Richard Hearn checks out some modern toys


Now we’re into January, I’ve had a few weeks to properly analyse the new Christmas toys and can make my report on what’s changed, and what hasn’t. Brighton pulls up a chair, and says hold all calls. I can hear one of the toys now, or rather three of them. They’re called HexBugs, and are tiny colourful cockroaches, whose legs shiver from battery power, scuttling around and changing direction as if they have a purpose. The Boy has a small track/cage for them involving heptagonal rooms and pathways between. Christmas Day saw three children – The Boy, Youngest™ and their cousin – crouched over these electronic cockroaches for entertainment, which sounds almost Dickensian, if you take out the word ‘electronic‘.

“There is something hypnotic about watching them”

If you’re an adult, they probably sound pointless. There is something hypnotic about watching them, though. A bit like an aquarium. You just watch, and wait for one to take a particular route. The urge to suggest a bet is overpowering. ‘I’ll lay a fiver that the blue one will be the first to escape’. (Memo to self: Betting for children. Idea for new column?)
Technology getting smaller probably made this toy possible. Perhaps 30 years ago there was a prototype, not cockroaches – the circuitry wasn’t small enough – but instead rhinoceroses powered by watch batteries, crashing around children’s ‘70’s living rooms until the power ran out. Instantly, of course, as a rhinoceros takes a lot of power. The craze therefore never took off (or more probably, I’ve just made it up. For a moment there, you thought you’d been short-changed back in 1978, with your Action Man with eagle eyes.)
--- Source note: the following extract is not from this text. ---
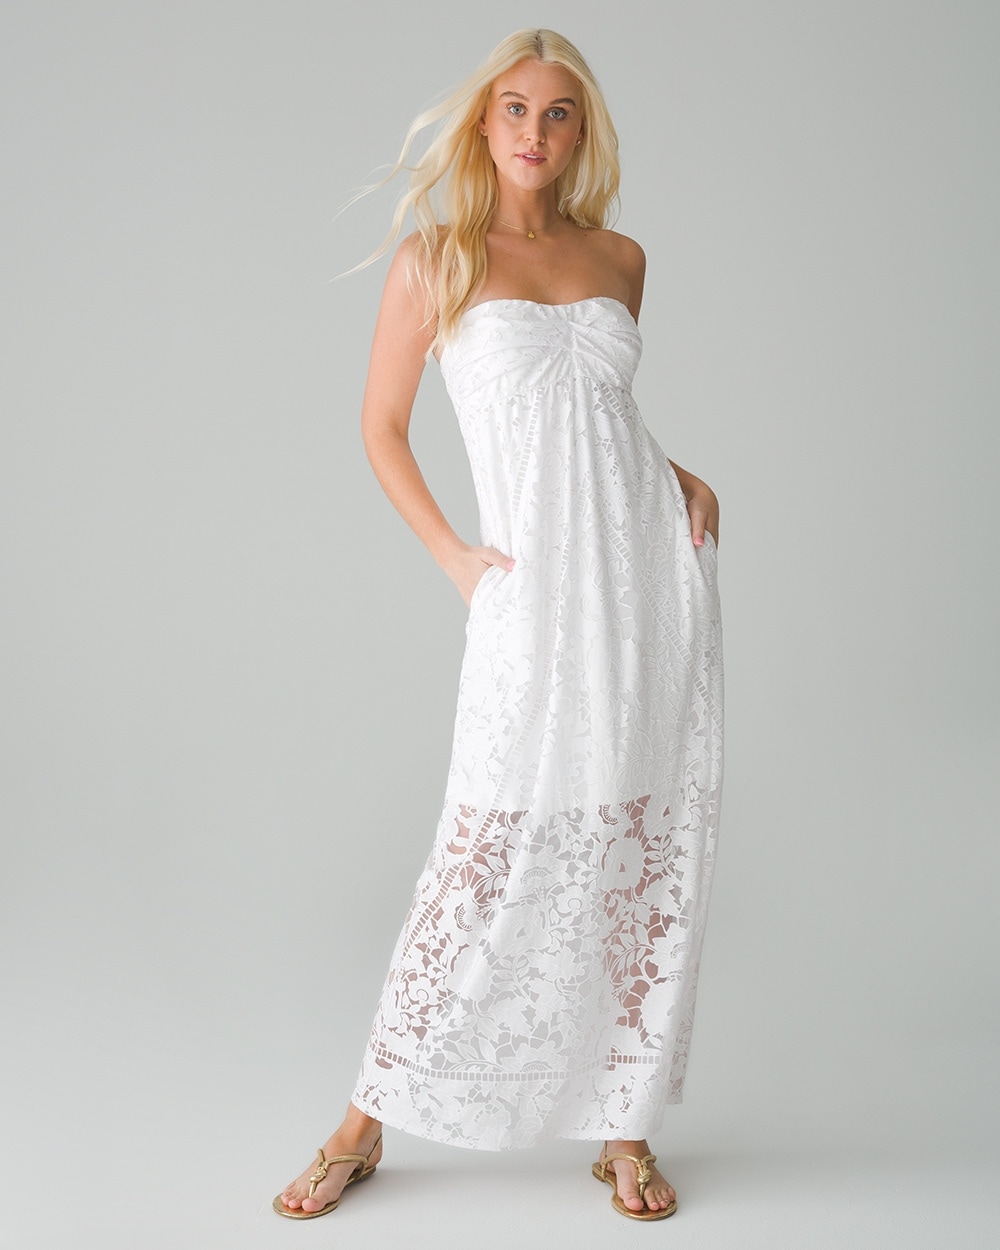 Strapless Maxi Dress With Medium Support - Soma

Back to those HexBugs. The nearest comparison I could think of from my youth is Scalextric. Repetitive movement around a track. Except you don’t control HexBugs, you merely watch. Oh and there’s not the smell of burning that there was with Scalextric, which is God’s (or Hornby’s) way of saying your red mini was going too fast.
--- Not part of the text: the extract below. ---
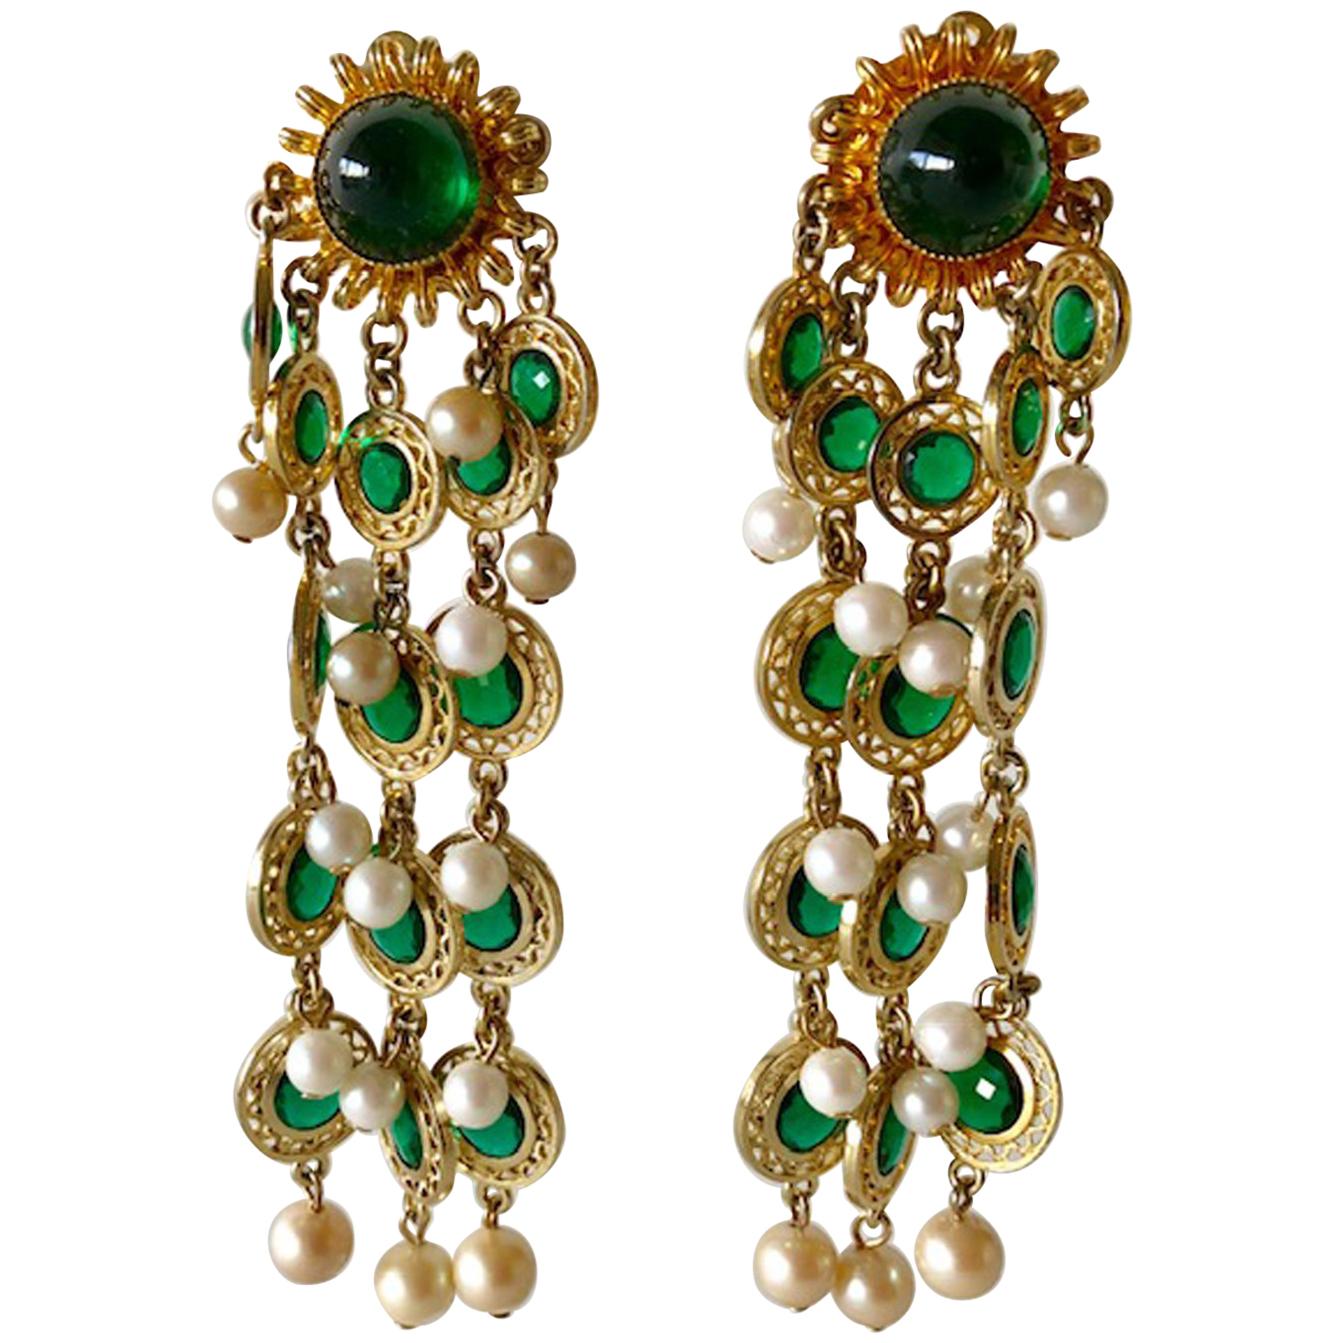 Vintage Faux Emerald and Pearl Fringe Statement Earrings

They’ve taken away some of the choices in another toy, too: Lego. You buy Lego now to make one thing. Quite a complicated, specific thing, following the step-by-step instructions. In my day, you got a heap of various bricks in primary colours (plus black and white), with a few suggestions: a plane, a car, a grandfather clock, a bungalow. I kind of miss this, although I imagine a kid of today would consider this a bit mean, with all the work to do. Like giving someone a big bag of atoms and suggesting you try making ‘life itself’.

So my non-scientific assessment based on a very small sample of toys is this: they’re now more impressive to look at, hypnotic even, but with less choice involved. Oh, and less smell of burning.